The San Francisco Bay Model was, like the Mississippi Basin Model, built by the Army Corps of Engineers to study the flow of water — in this case, simulating “the rise and fall of tide, flow, and currents of water, mixing of salt and fresh water, and… trends in sediment movement”, permitting the study of the impact of both natural events (such as floods) and human actions (such as dredging and industrial accidents). It is also, again like the Mississippi Basin Model, out of service, not having been used for active modeling since 2000, though — unlike the Mississippi Basin Model — it has found a second life as a public education center, open to guided and unguided public tours.
The San Francisco Bay Model is the only model of its size which remains intact and functional. (There were originally three comparable models built by the Army Corps, with the San Francisco and Mississippi Models joined by the Chesapeake Bay Model on Kents Island, MD. The Chesapeake Bay Model ran its last test in 1982 — successfully predicting the watery resting place of the body of the final victim of the Air Florida Flight 90 crash — and today occupies a mostly empty lot in Matapeake State Park.) Interestingly, the reason that the San Francisco Bay Model outlasted its contemporaries in active service was not only that it was indoors — the Chesapeake Bay Model was also indoors — but that “an ingenious system of 286 concrete slabs individually supported on adjustable jacks” permitted the model to be continuously reconfigured in geologic miniature to accurately represent the shifting fluid topography of the Bay area.
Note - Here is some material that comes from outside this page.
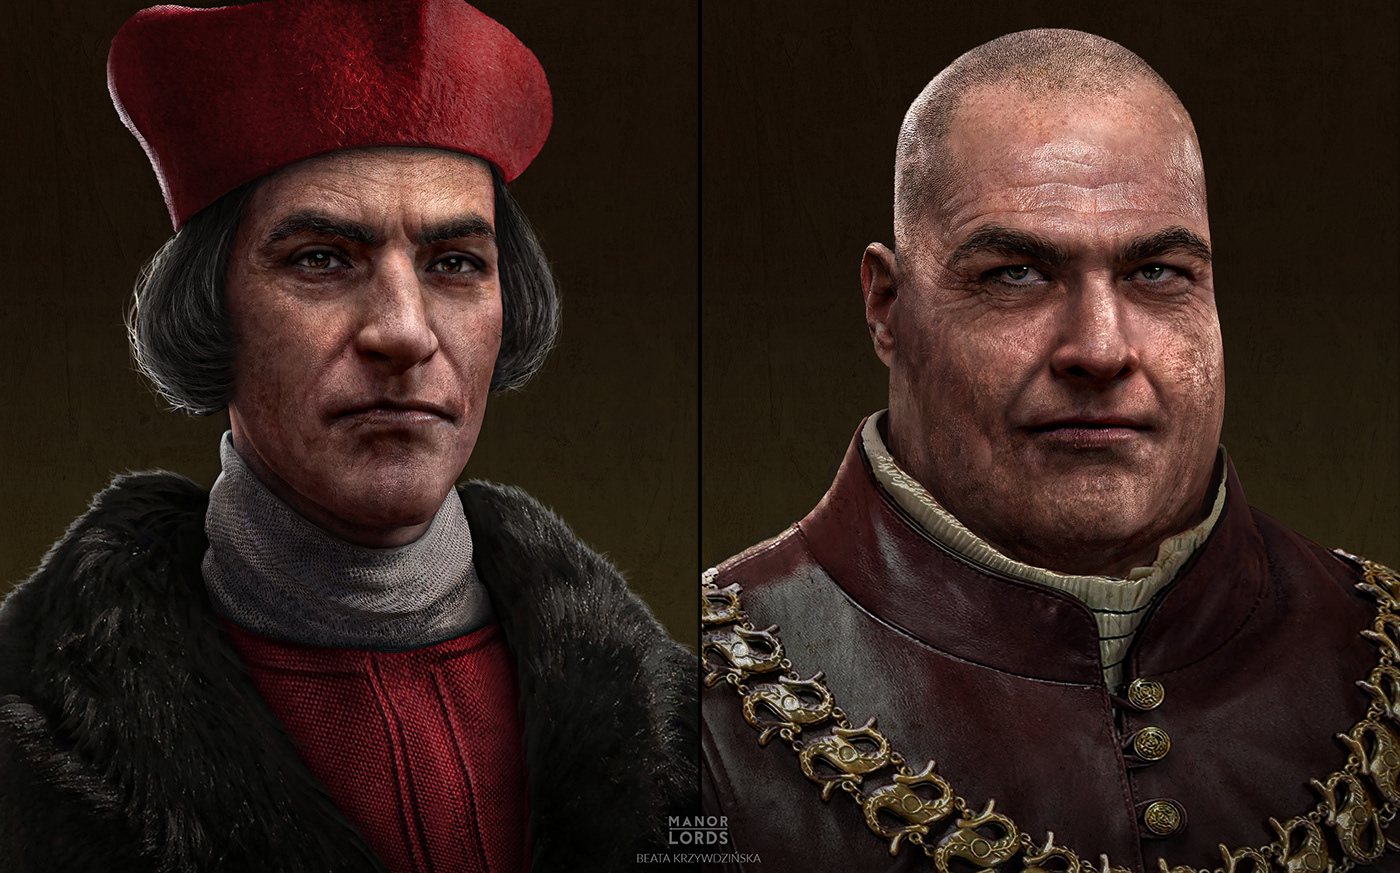 avatars characterdesign characters conceptart digitalpainting game manorlords medieval painting   portraits
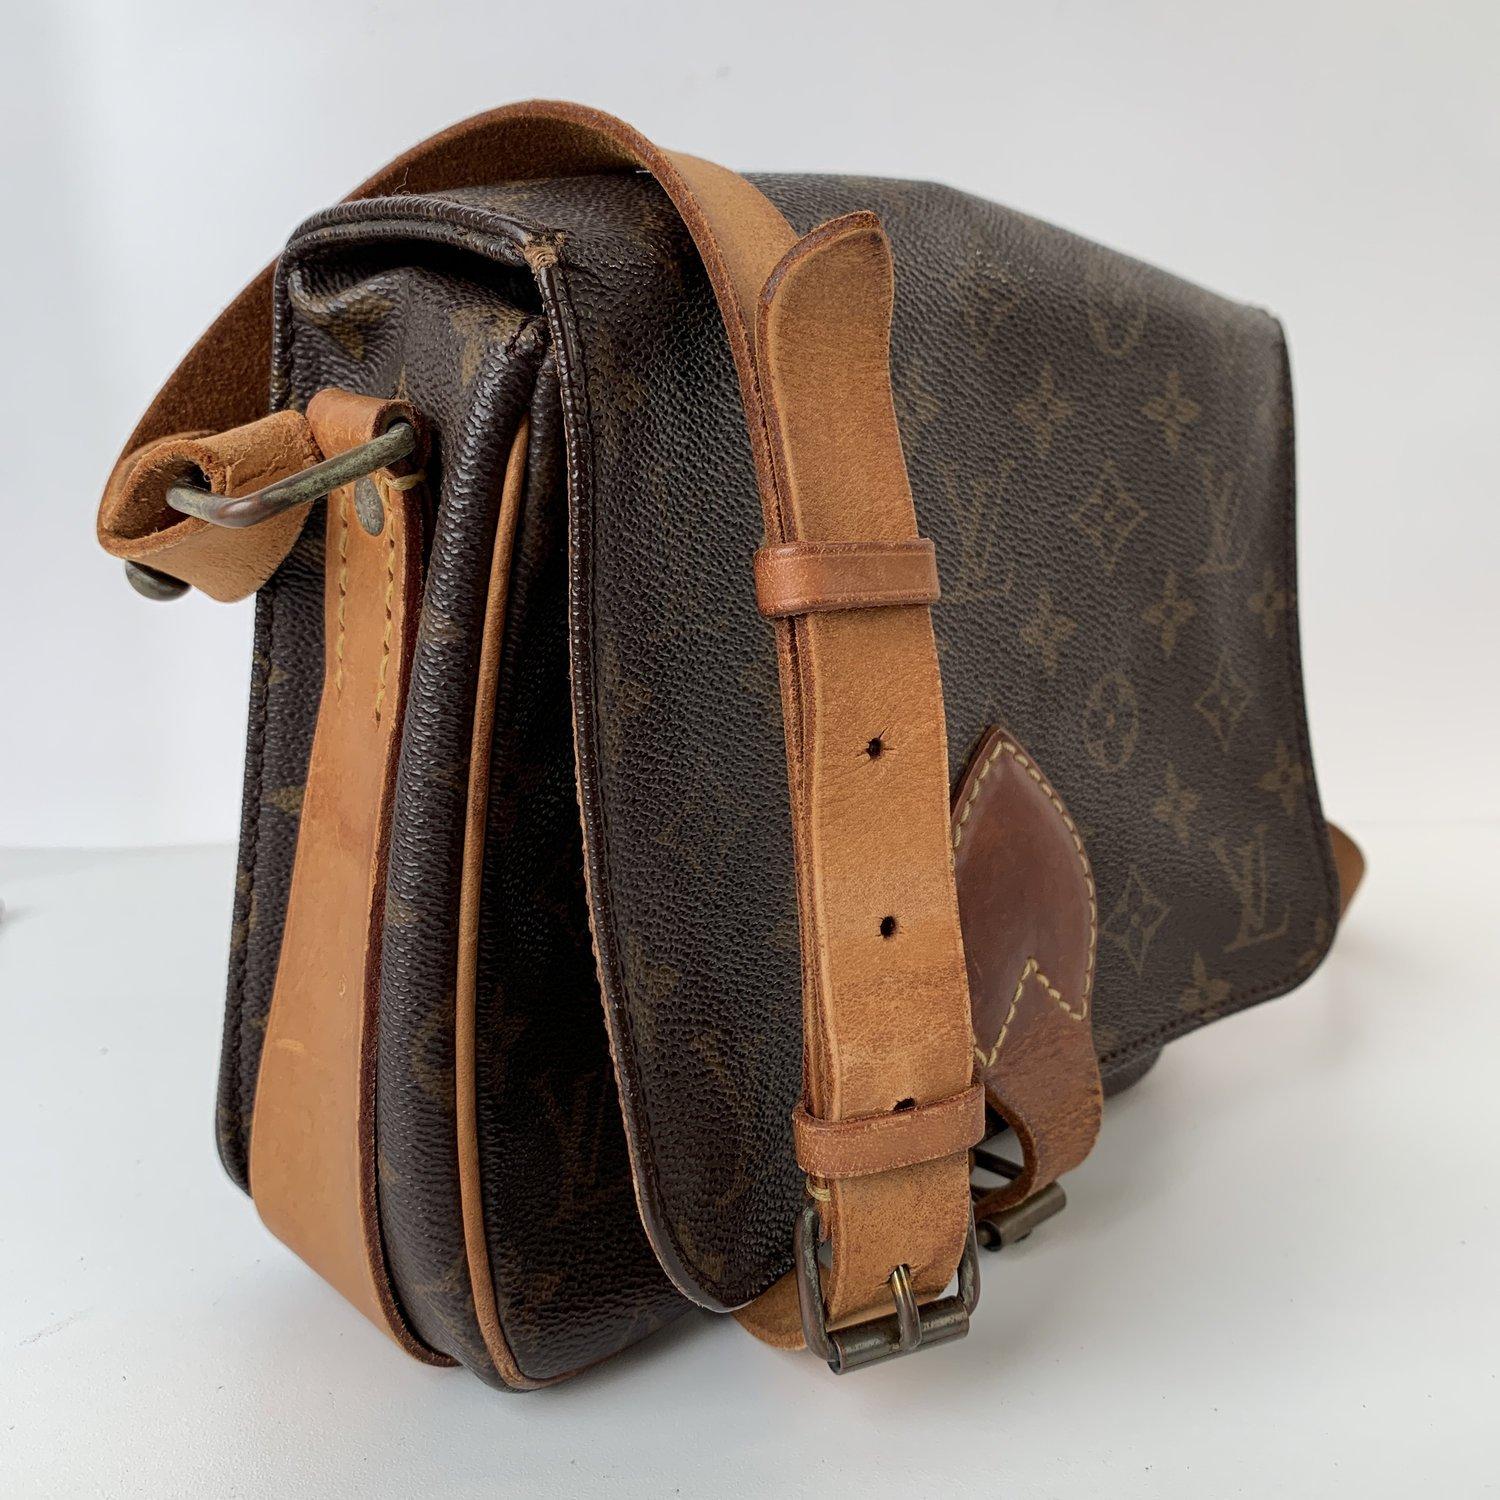 MATERIAL: Canvas COLOR: Brown MODEL: Cartouchiere MM GENDER: Women SIZE: Small Condition B :GOOD CONDITION - Some light wear of use - READ CAREFULLY the condition description, and do ask us for further details or pictures if you have any doubts

[The aerial image is via Google Maps; the interior shot is by flickr user chuck b.]
Maybe you’ve already addressed this in one of your posts — I’d be curious to know if there are any advantages or improved accuracy(in these days of advanced hydraulic & hydrologic computer modeling)to physical modelling over computer-based modelling? Are there any locations or situations these days where a physical hydraulic model would be better than a computer-based model?
I would be curious about this as well (but I can’t say that I’ve done the work of searching for it).
One thing that occurs to me — in the case of the final test on the Chesapeake Bay Model, it was very much a jury-rigged thing, where they suddenly decided they wanted to see if they could use the model to predict where bodies would float to, and simply found a material that would simulate the movement of a body and (literally) tossed it into the model. Maybe there’s a kind of flexibility for quickly jury-rigging new tests that is inherent in physical models, with their tolerance for fudging things? An ability to use the model for something other than its intended purpose, that isn’t easily duplicated in a computer model?
(I’m thinking something parallel to the way that hand-drawing has a tolerance for error that computer drafting, with its demand for precision, does not. In drawing, both the precision and the tolerance for error are useful, depending on the circumstance and the purpose of the drawing.)
Related to the jury-rigging idea it would seem that it requires two different skill-sets and thus one might be more useful/available to a layman of sorts (the physical model). Maybe not to interpret the results but at least to make the changes in model.
Whereas the computer model would require much more technical skills?
Might cut both ways — the physical model being easier to jury-rig as a layman, but the computer model being easier to operate for its intended purpose as a layman. (This depends, of course, on the interface of the computer model — but it seems easier to imagine an intuitive and user-friendly interface to a computer model.)
I’m surprised that the physical models you described were ever constructed at all because, even without computers and computer modelling, you would think that using calculators, hydraulic calculations and modelling techniques one could accurately estimate flows, flood elevations, velocities, etc. of a large river system.
I wonder if there are certain types of hydraulic happenings – like erosion and sediment flow — that are too complicated to accurately model with equations and calculators and which required the construction of the physical models.
Thanks for your post and reply.
I see your point that an advantage of a physical model could be that it can easily be jury-rigged, once it’s up and running.